The task: Without the images, repeat every line of the listing exactly.

Information supplied:

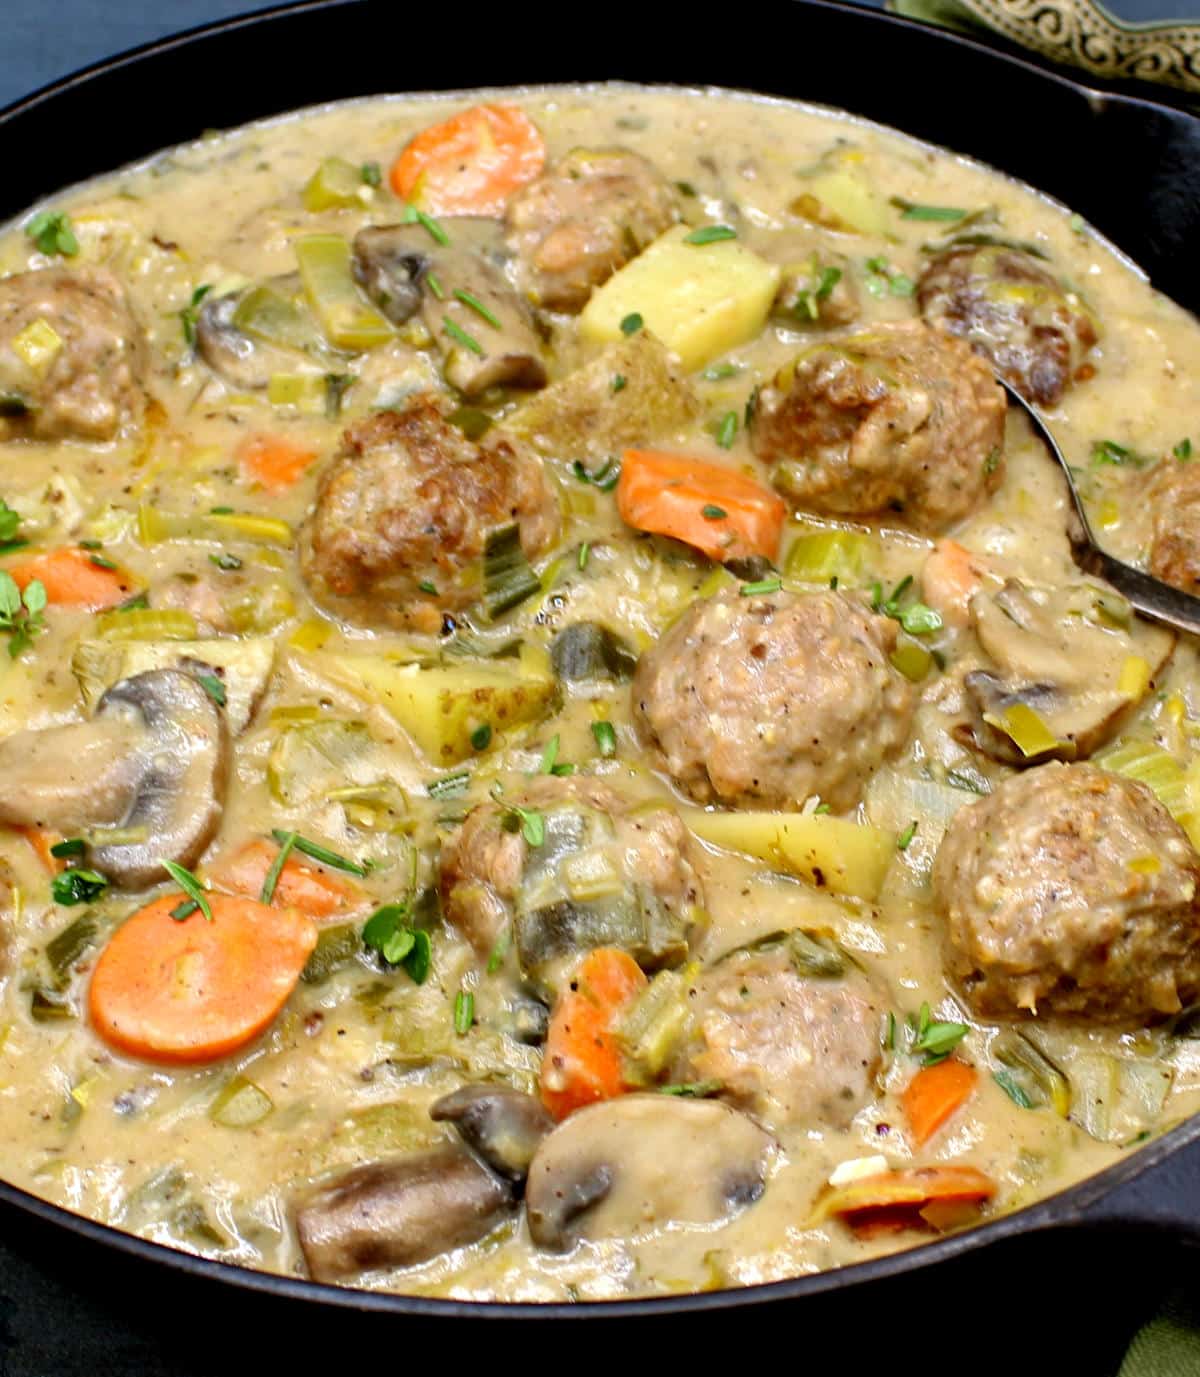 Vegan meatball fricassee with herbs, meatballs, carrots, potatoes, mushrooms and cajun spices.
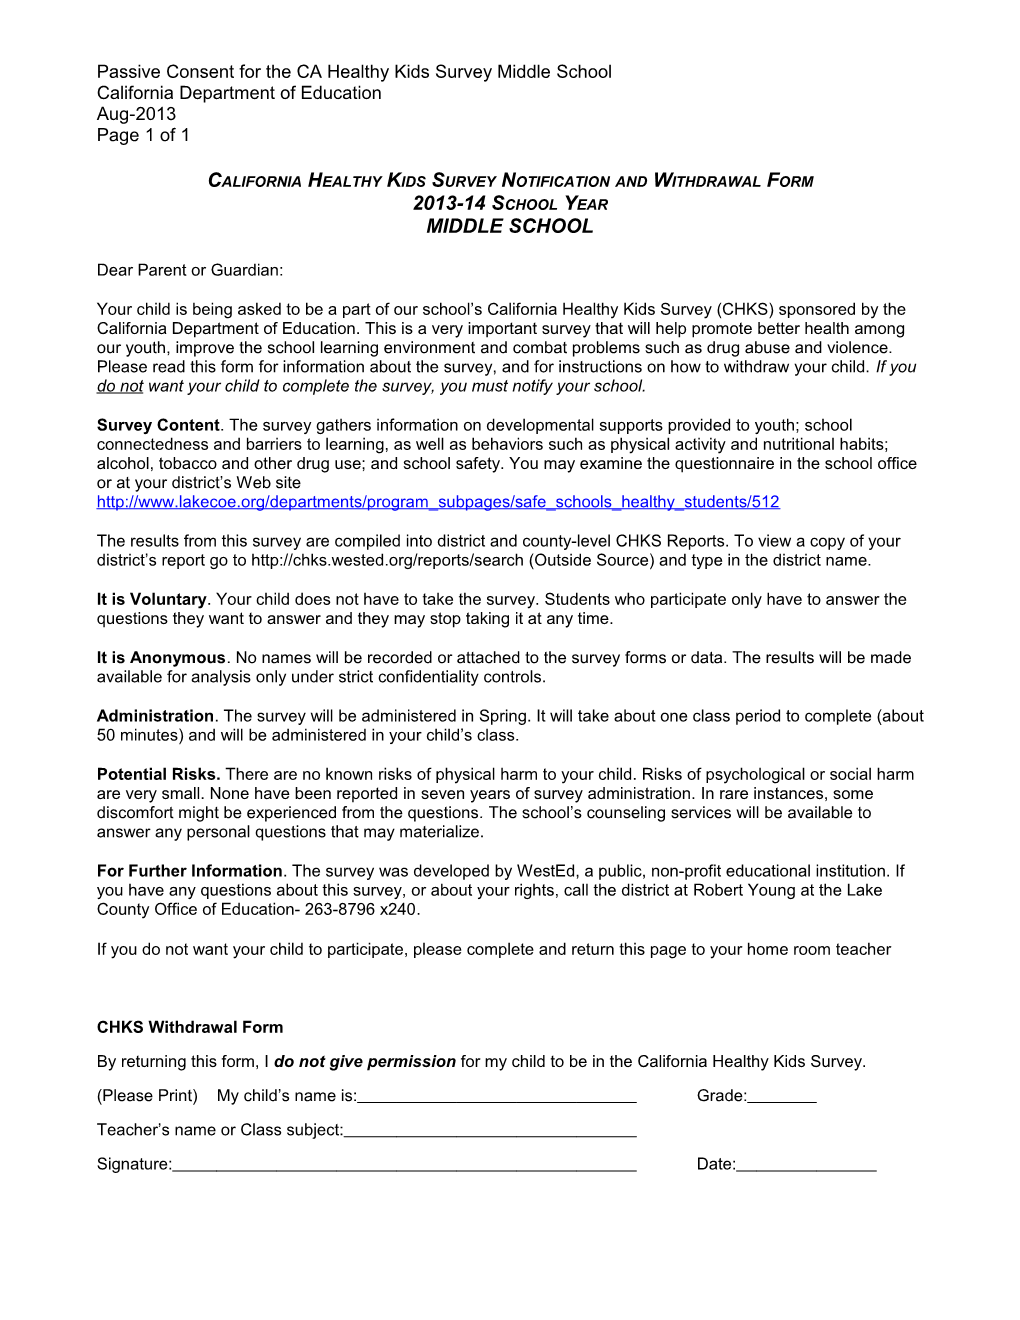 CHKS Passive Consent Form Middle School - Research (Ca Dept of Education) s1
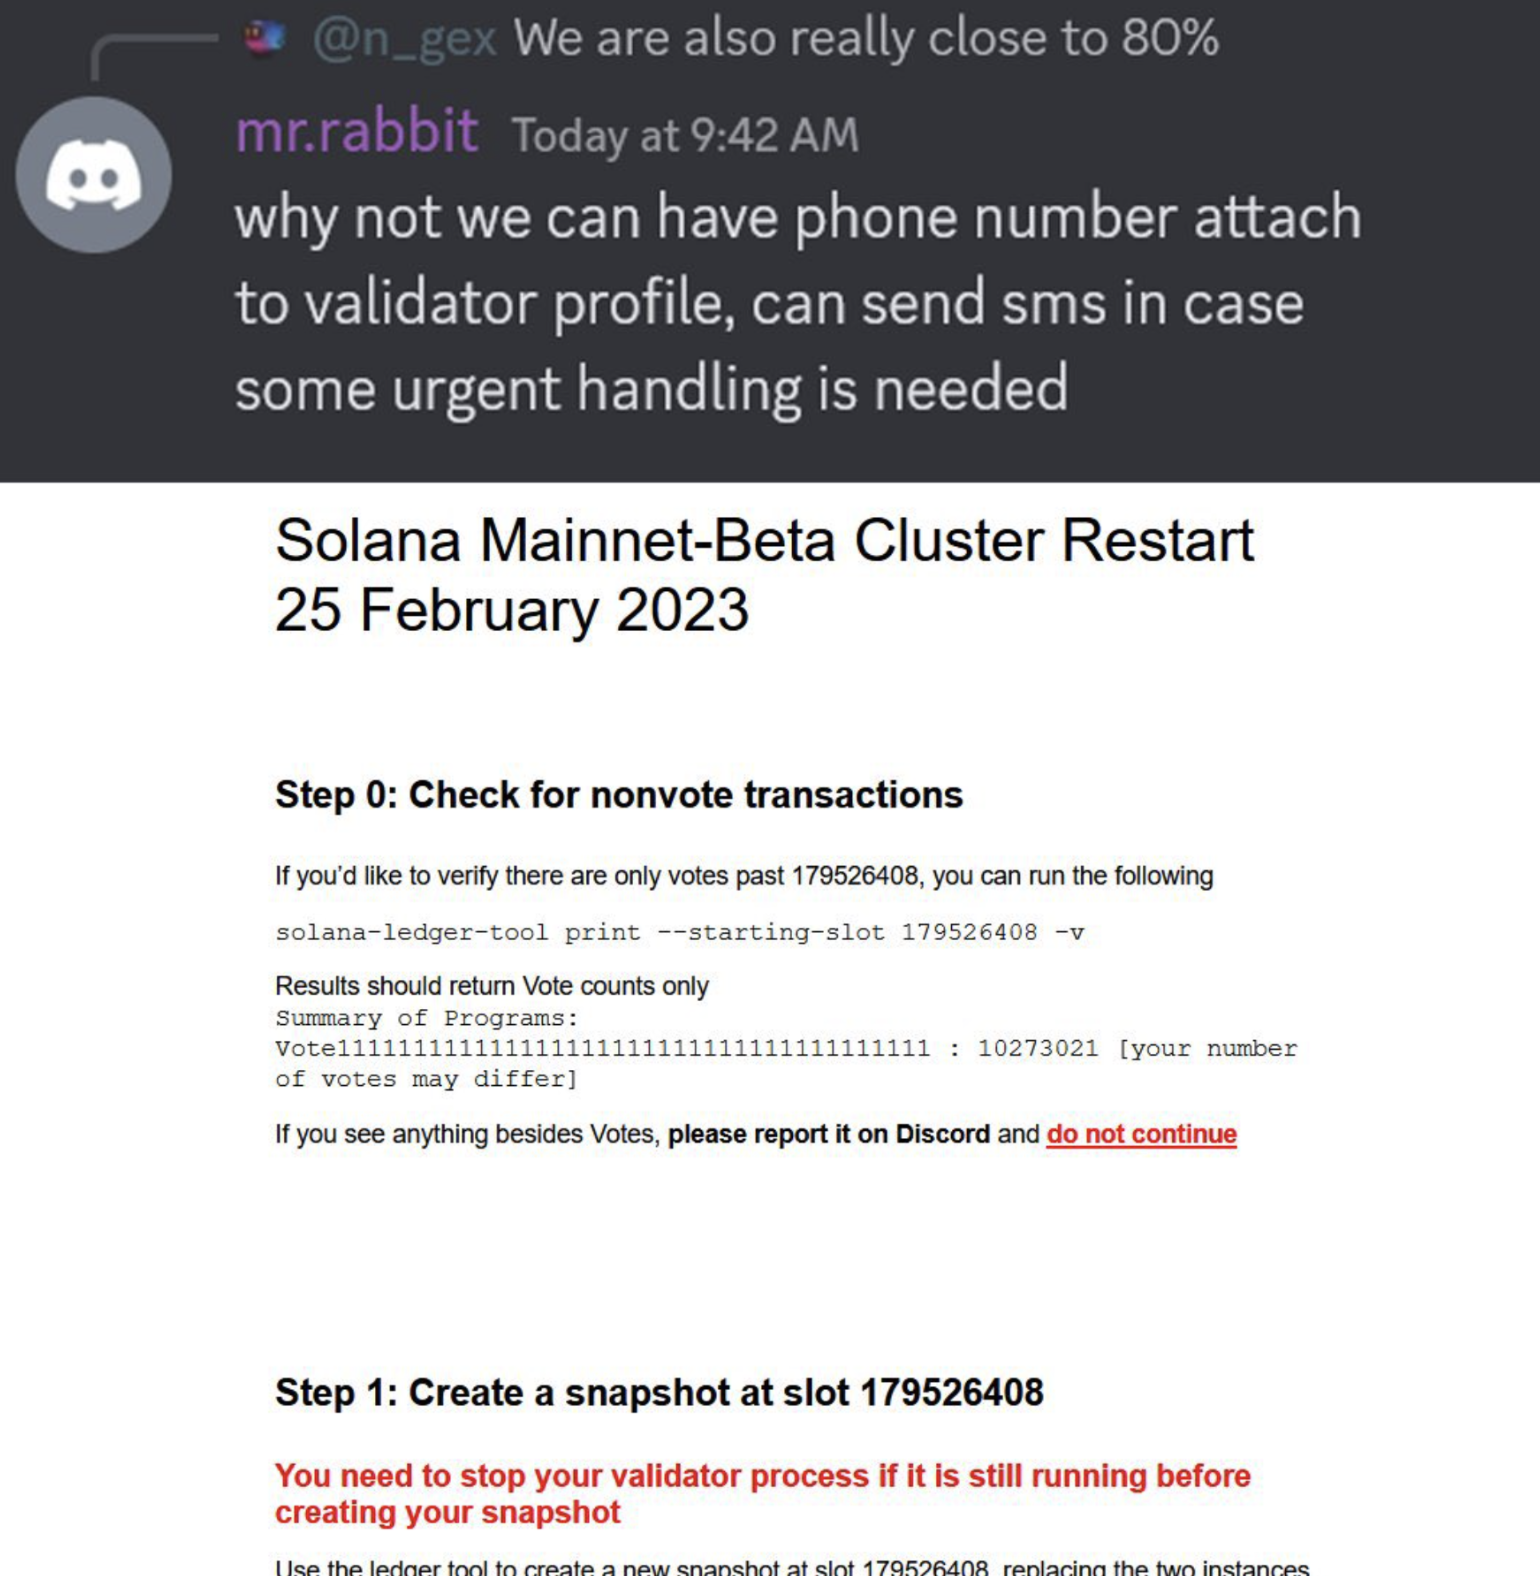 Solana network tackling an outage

Output for this exercise:
 Vegan meatball fricassee with herbs, meatballs, carrots, potatoes, mushrooms and cajun spices.
 CHKS Passive Consent Form Middle School - Research (Ca Dept of Education) s1
 Solana network tackling an outage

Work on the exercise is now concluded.